To increase yield in cucumber (Cucumussativus L.), we designed a recurrent selection program utilizing phenotypic (PHE) and marker-assisted (MAS) selection for the development of multiple lateral branching (MLB; branches per plant), gynoecious, early genotypes possessing high fruit length to diameter ratio (L:D). These yield components are under genetic control of few quantitative trait loci (QTL; 2-6 per trait), which have been placed on a moderately saturated molecular linkage map. Four inbred lines, complementary for the target traits, were intermated and the resulting population underwent MAS and PHE, as well as random mating (RAN), for three cycles. Selections by PHE were visually made for all four traits at the whole plant level. Selections based on MAS contained the highest number of desired marker genotypes from 20 marker loci (SSR, RAPD, SCAR, SNP). Using the same selection scheme and intensity allowed a direct comparison of MAS to PHE. Selection was equally effective for MLB and L:D by MAS (3.5 and 3.0) and PHE (3.6 and 3.0), which were both superior to RAN (2.8 and 2.8). For earliness (days to anthesis) and gynoecy (percent female), MAS (41.8 and 26.6) was less effective than PHE (40.5 and 81.8) and RAN (41.0 and 80.9), which were equal.

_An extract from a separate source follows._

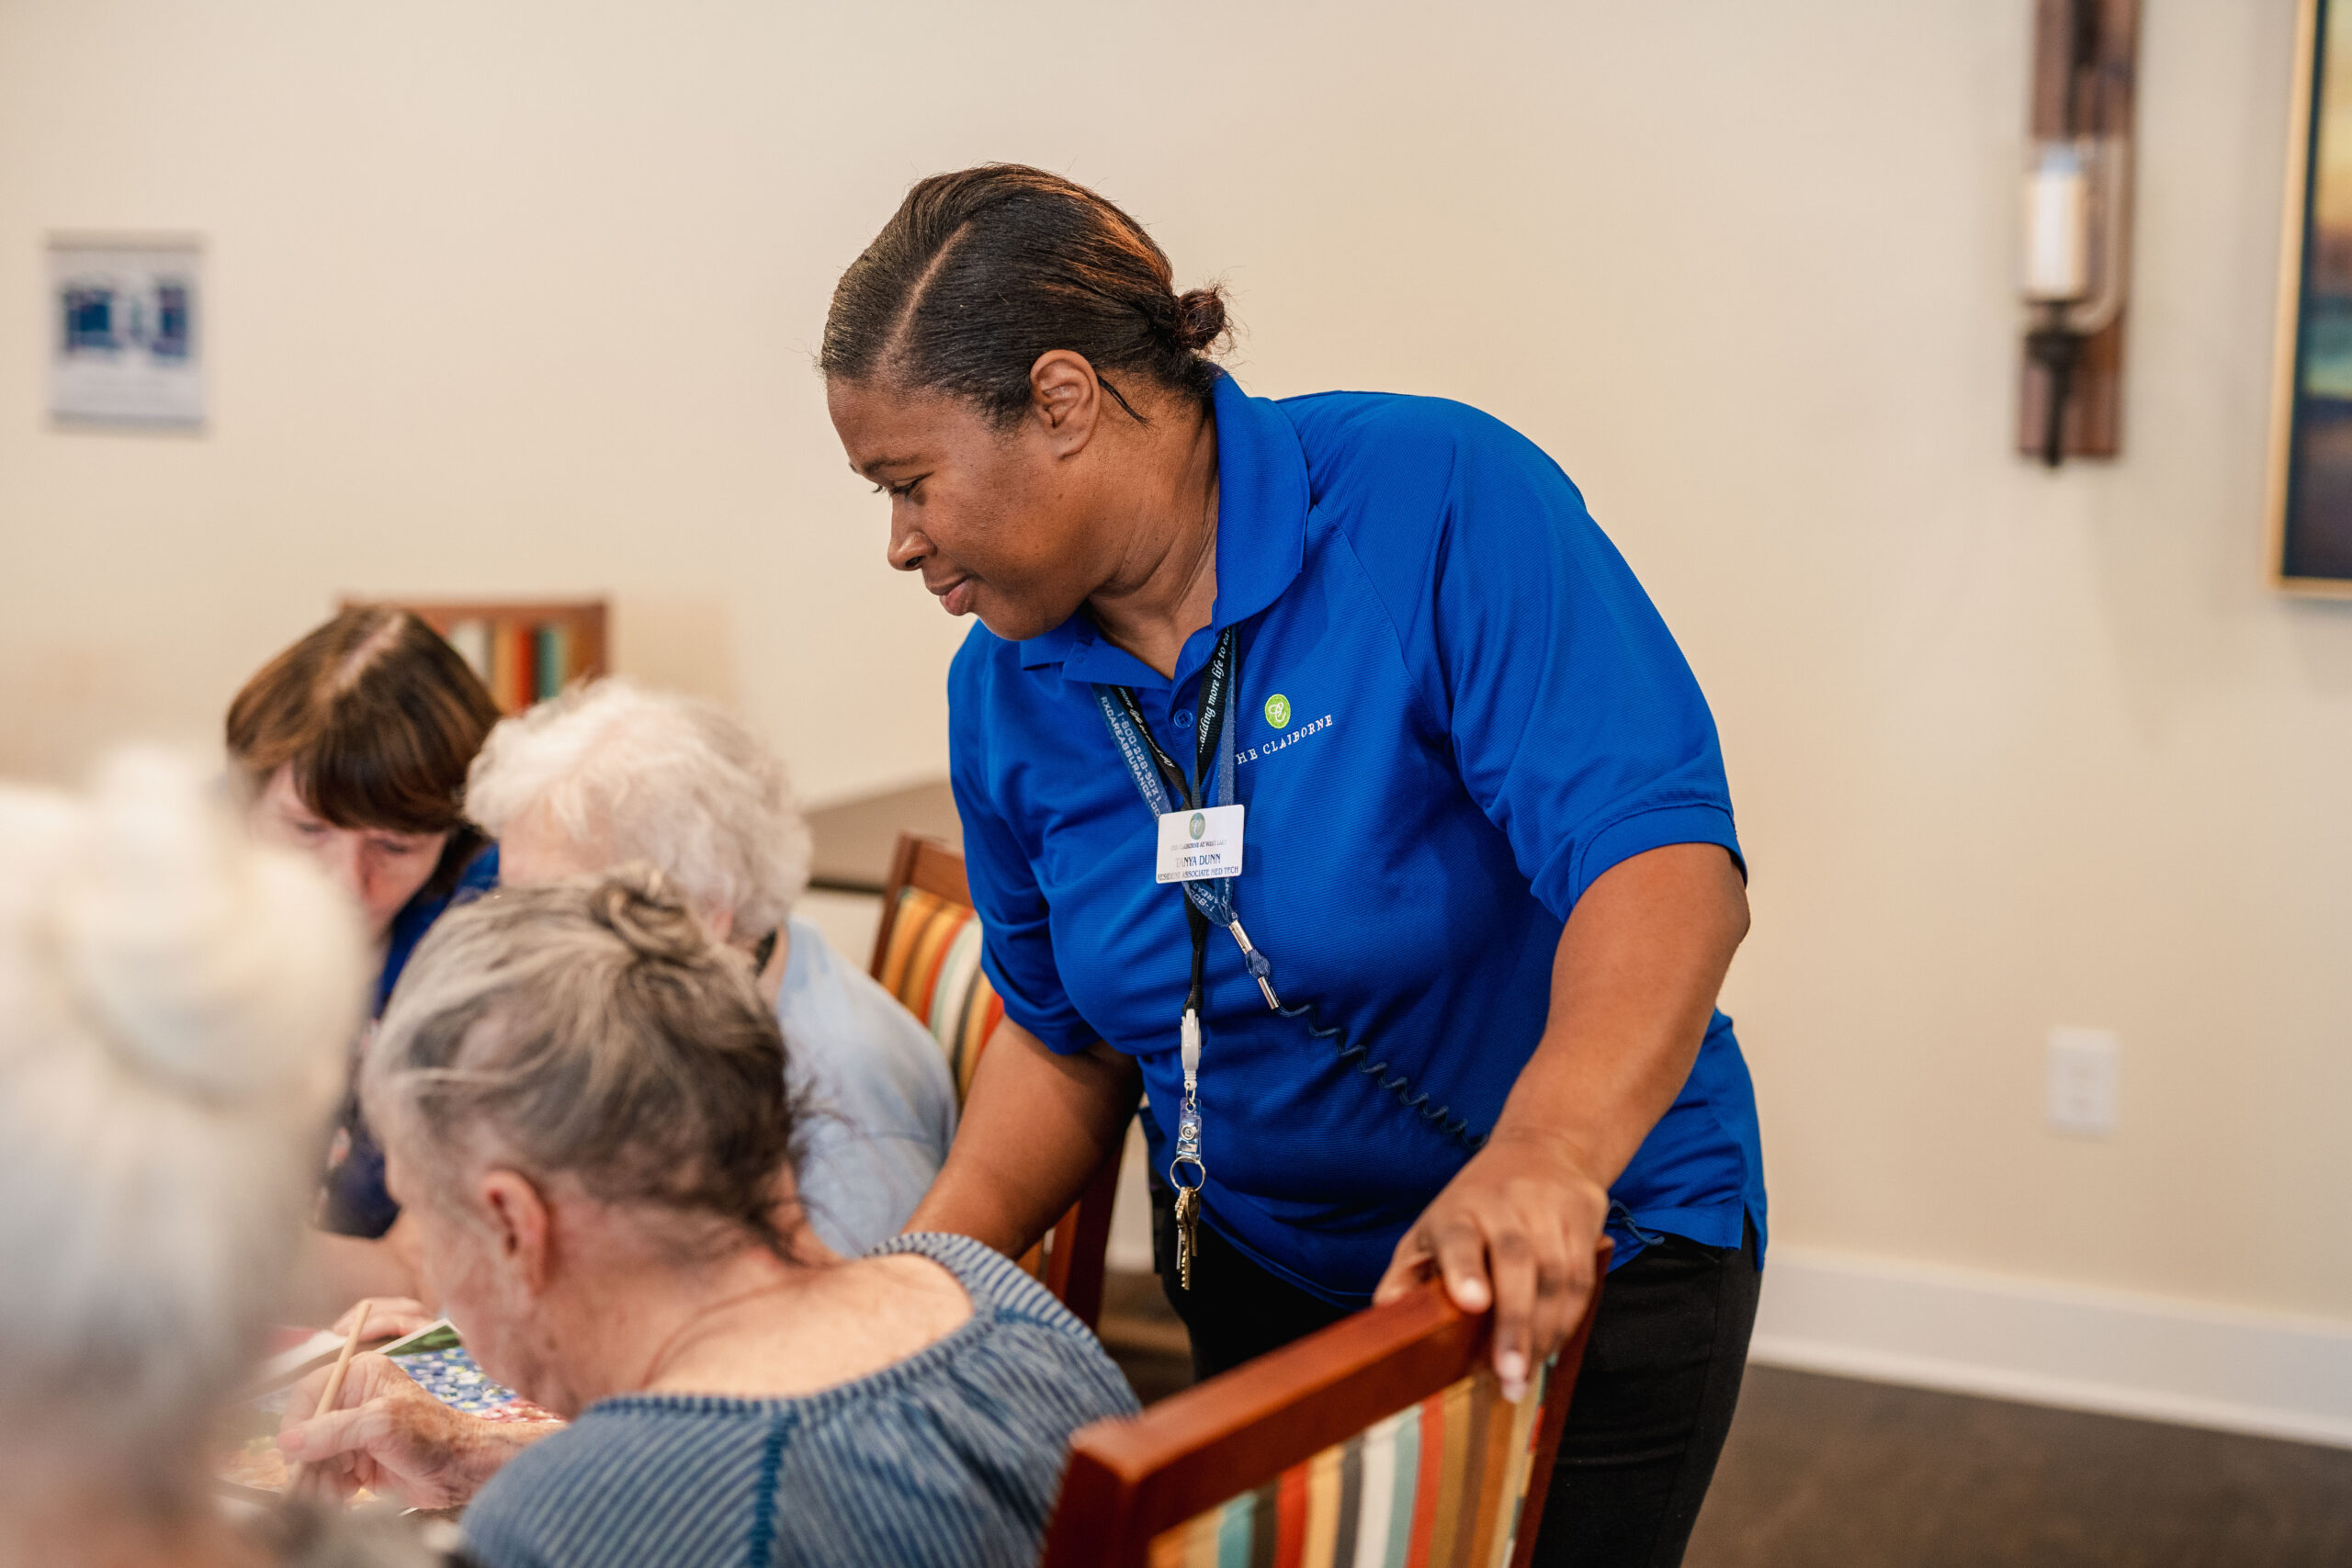 The Claiborne at Baton Rouge employee helping senior resident during activity
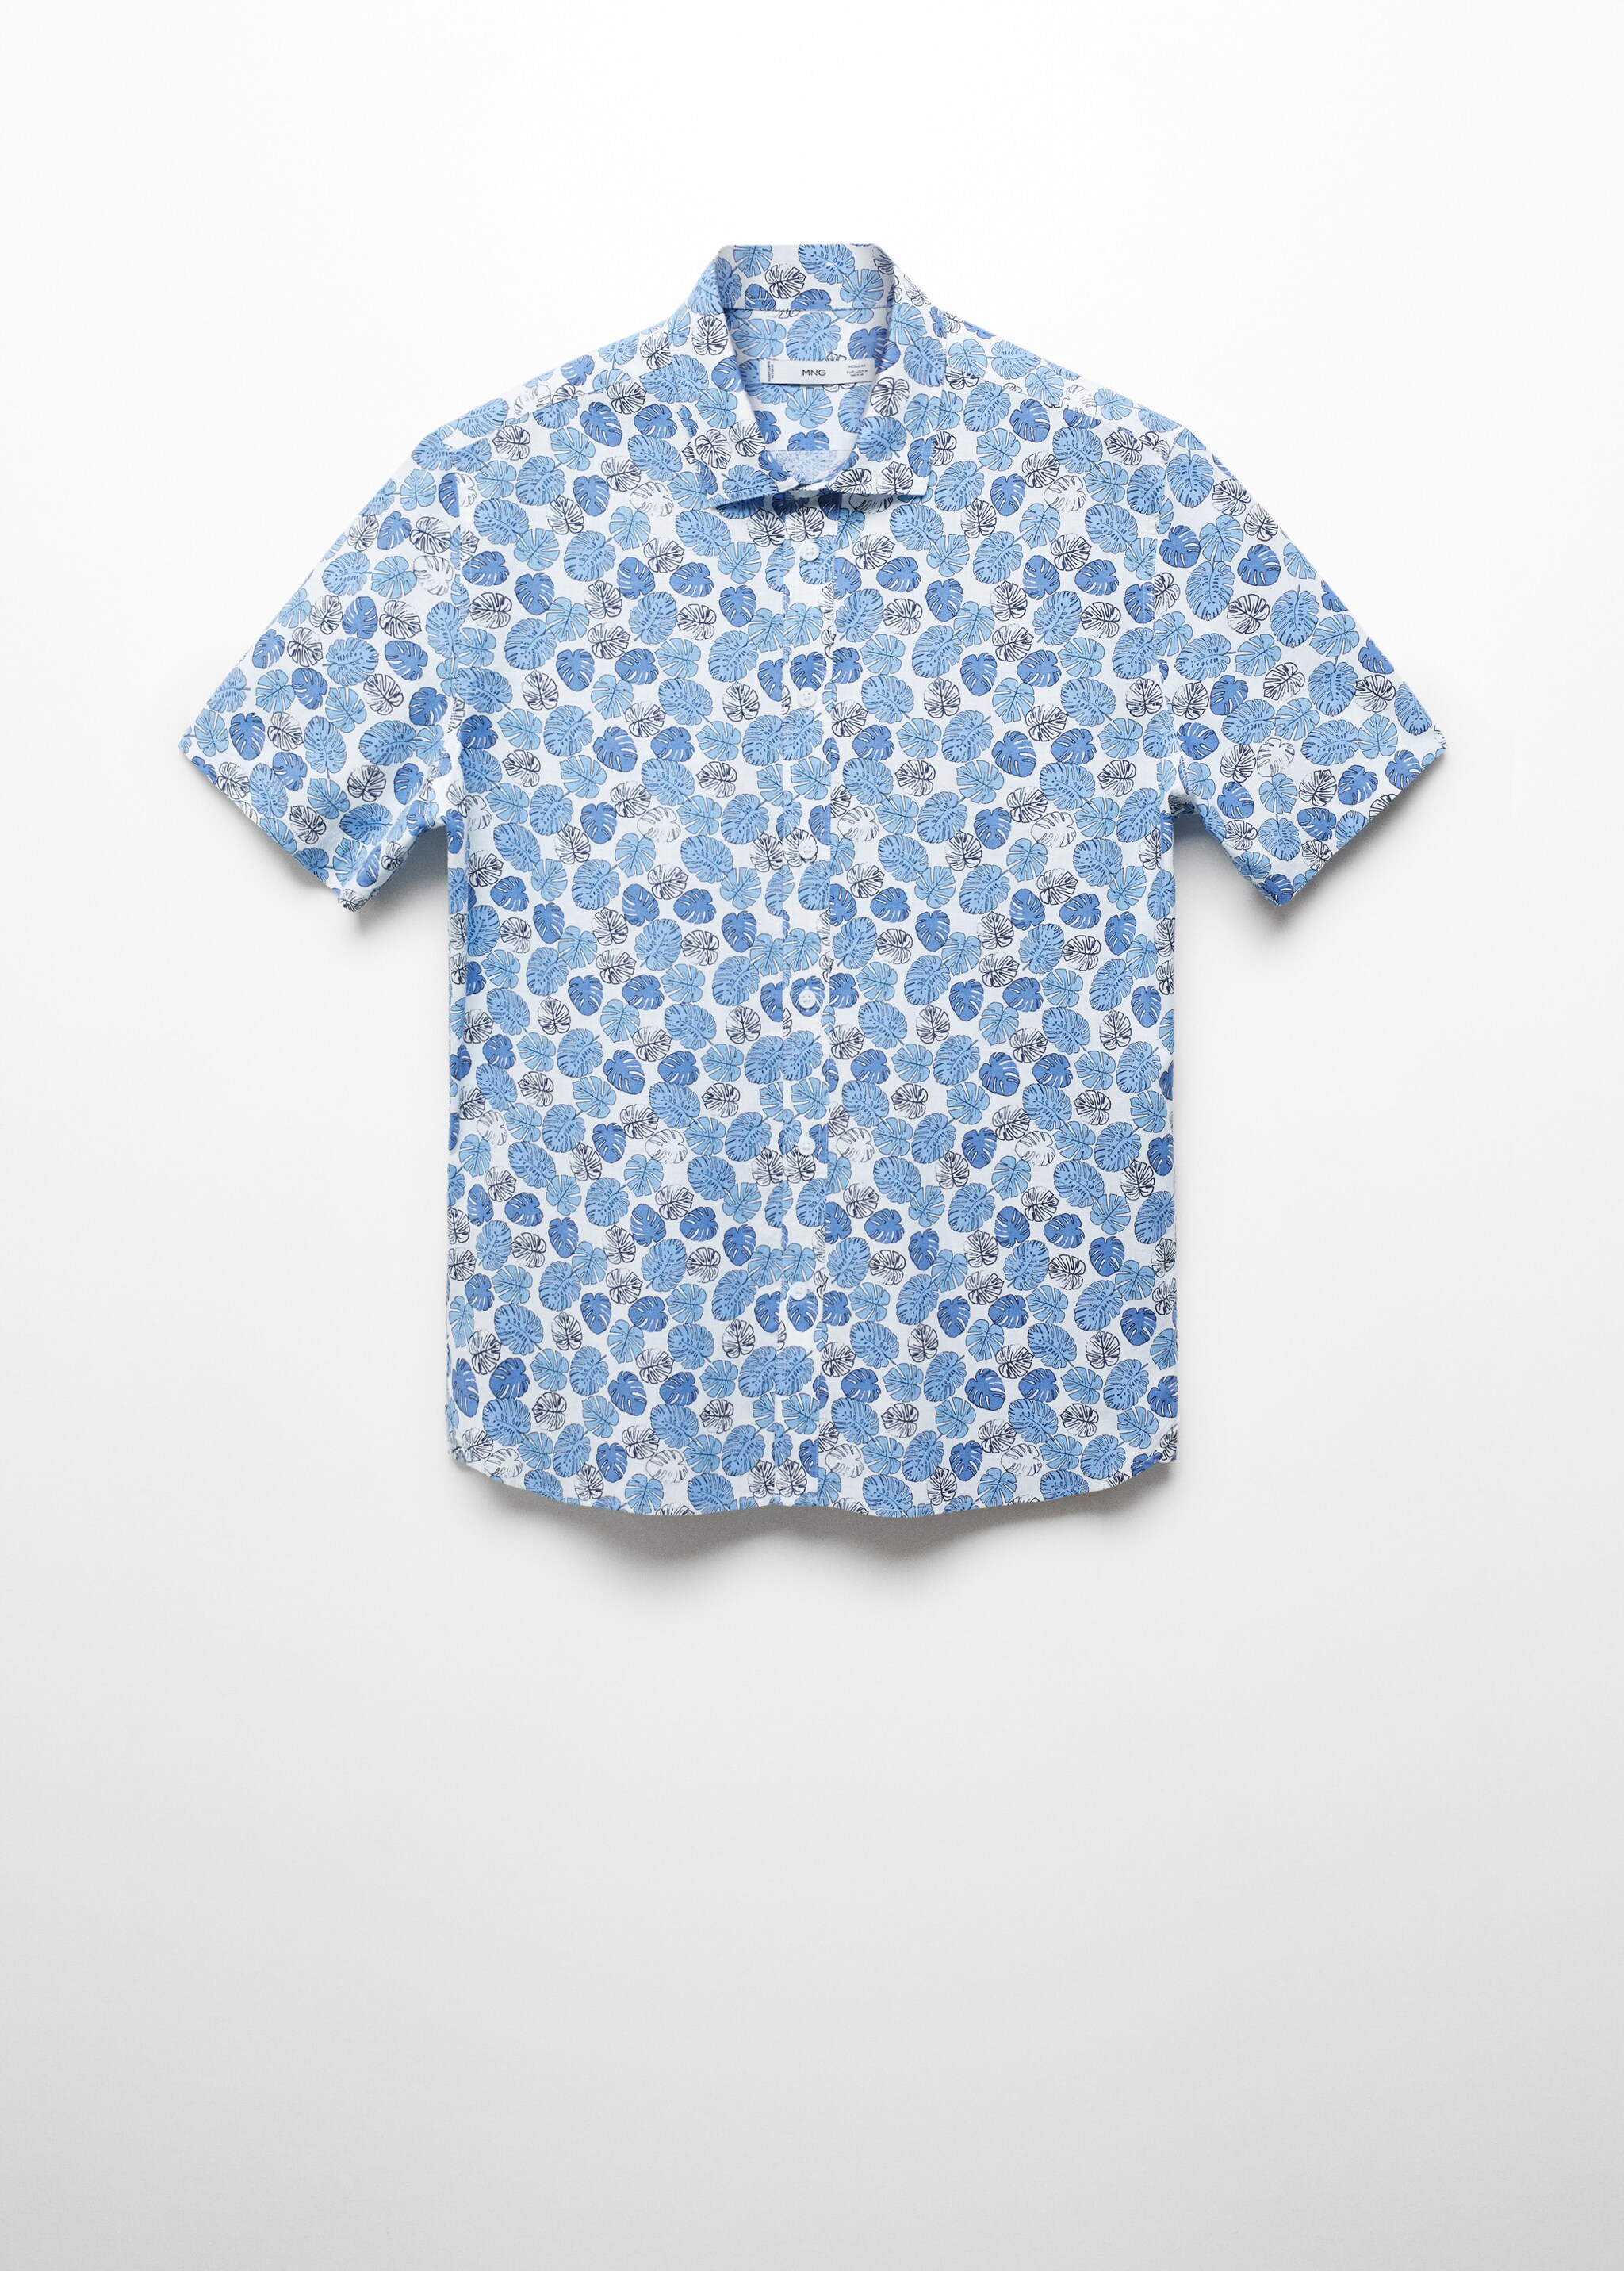 100% cotton short-sleeved printed shirt - Article without model

For yield (fruit per plant), RAN (1.90) and MAS (1.88) were equal, but less than PHE (2.15). After three cycles of PHE, further selection by MAS identified superior genotypes, which were intermated. Superior hybrids were selected by MAS and underwent one backcross generation. In some backcrosses, gains were made in every trait compared to the PHE Cycle 3 mean, while in other backcrosses, gains were made only in some traits. Improvement by MAS was very effective during line extraction for these yield components.